で、このブログに説明を書くつもりで、数日前から下書きしてたんですが、ドキュメント書いちゃいました。

Tran::Manual::JA - tran のマニュアル
Tran::Manual::Extend::JA - tran を拡張する際のマニュアル


てわけで、マニュアルとかぶっているところも多いのですが、せっかく書いたんで、一応残しときます。

とりあえず始めてみる

すでに翻訳があるもので試したい場合は、オリジナルのバージョンを取得するところから始めてください。
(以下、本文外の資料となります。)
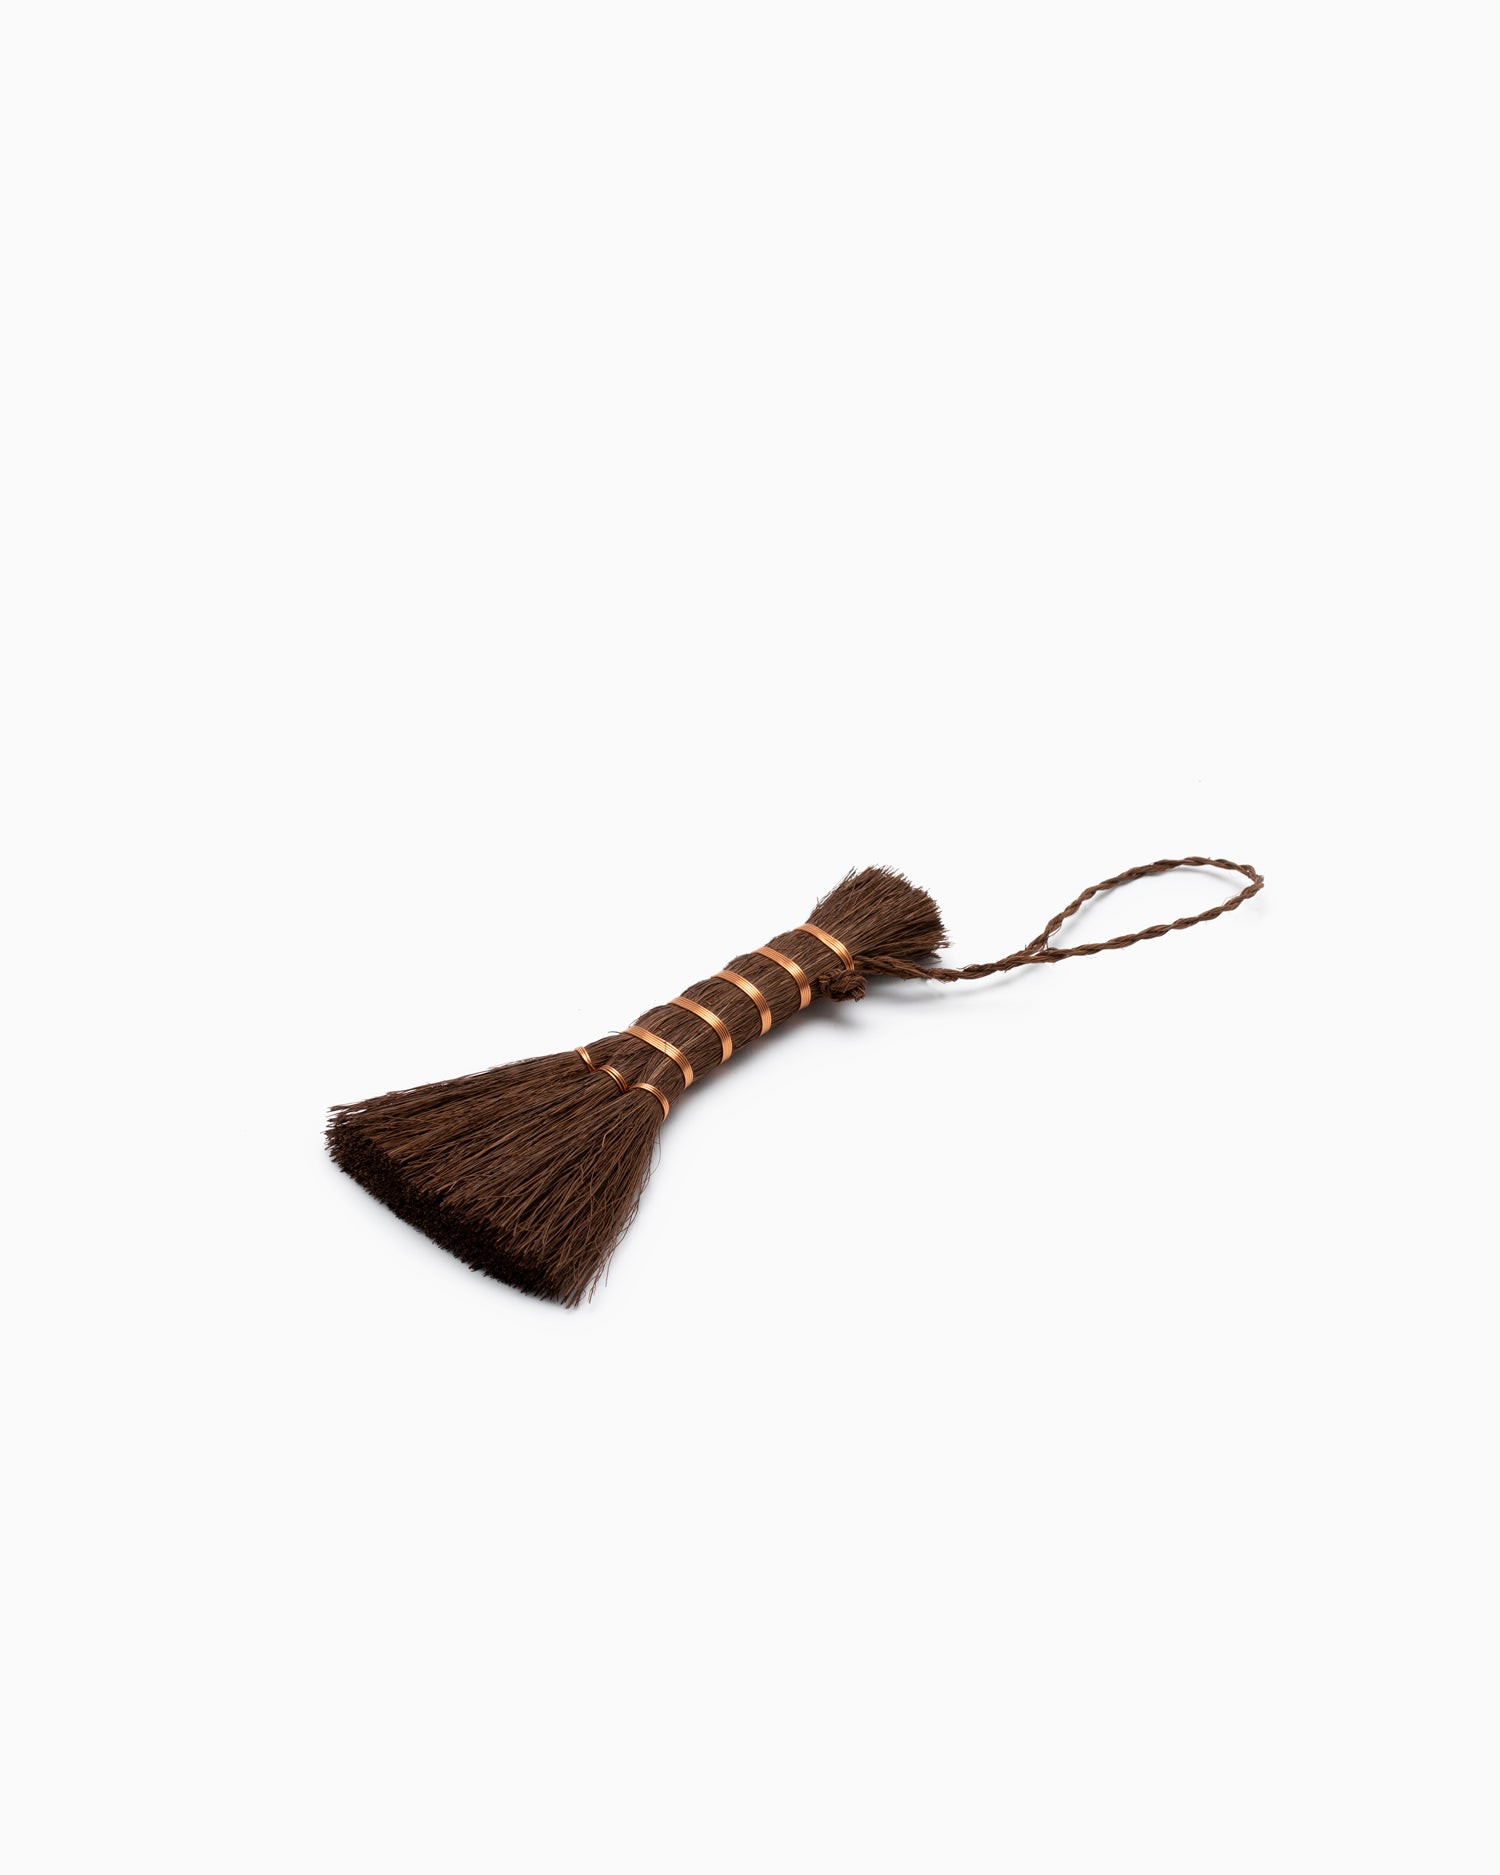 Small Kojin Broom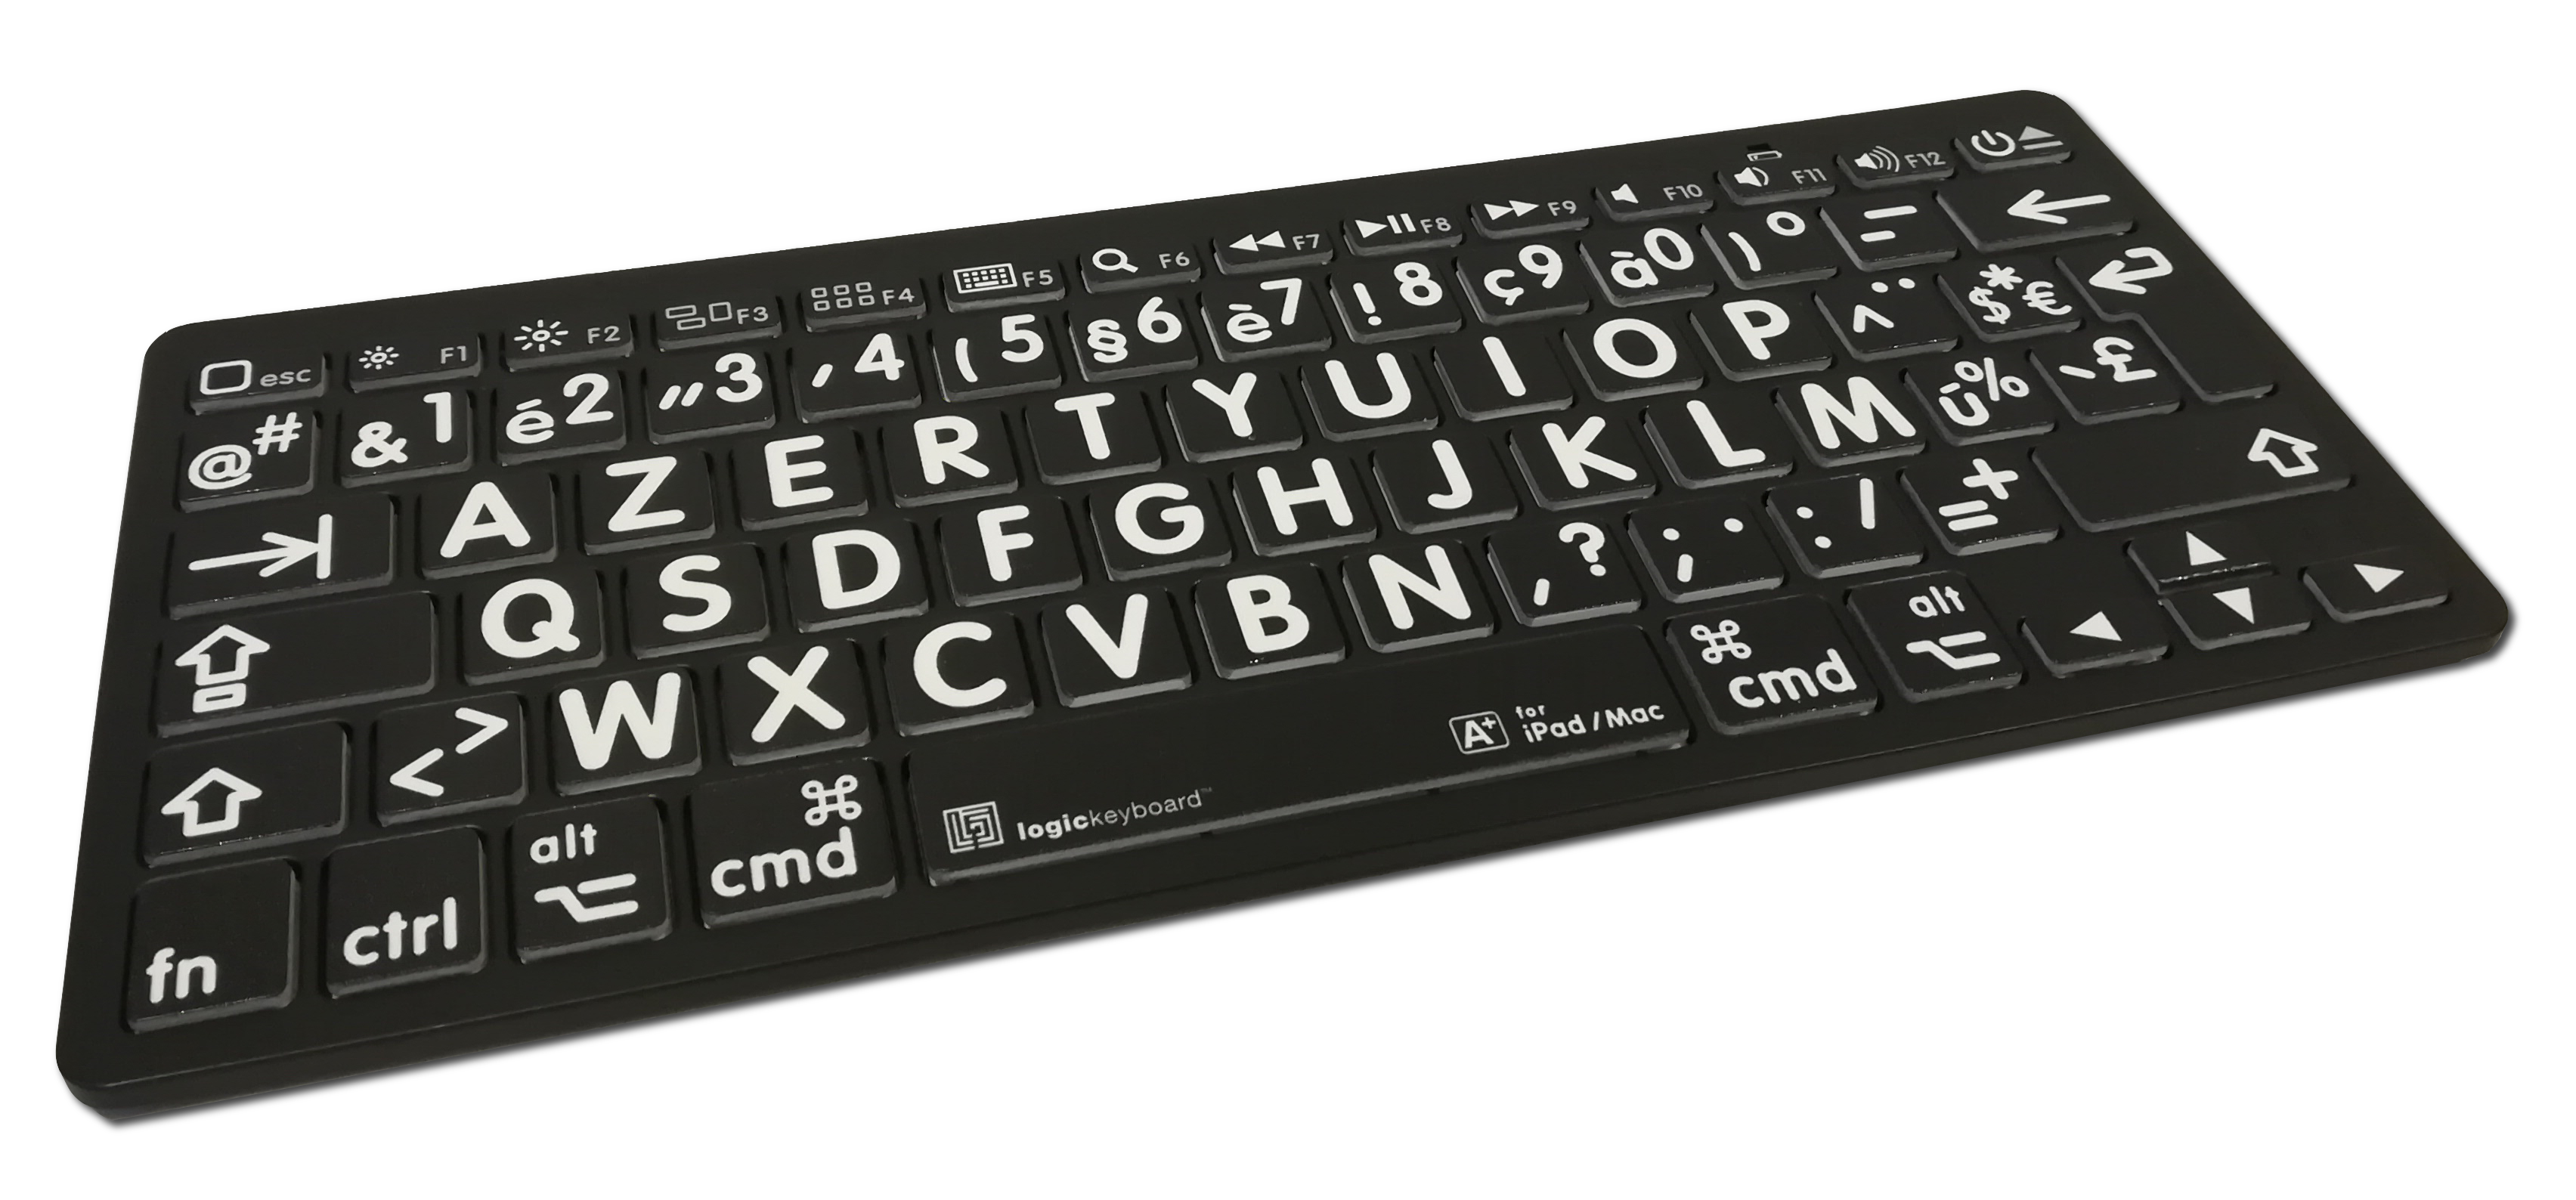 Flikkeren fusie regel XL Print bluetooth toetsenbord - zwarte toetsen met witte letters

% tran get cpan DBIx::Class 0.7006

のようにして、うまく行く場合は、Authorが変わっていない場合です。
配布先のURLを、cpanコマンドで使っているMetafileの情報を元にしているので、昔と今でAuthorが違う場合失敗します。
で、DBICの場合は失敗してしまうので、以下のようにtar.gz の URLを直接指定します。
(CPANにない場合は、backpanを探す...)

% tran get cpan DBIx::Class http://search.cpan.org/CPAN/authors/id/B/BL/BLBLACK/DBIx-Class-0.07006.tar.gz

これで、 .tran/original/cpan/DBIx-Class/0.07006 にオリジナルのファイルが出来上がります。
次に、最新版の翻訳を開始します。

% tran start cpan DBIx::Class

バージョンを与えない場合、Metafileにあるバージョンを取ってきます(ということで、古ければ、最新ではないのだけど...)。
現時点だと、0.08115になります。取得後、以下の3つのバージョンをマージします。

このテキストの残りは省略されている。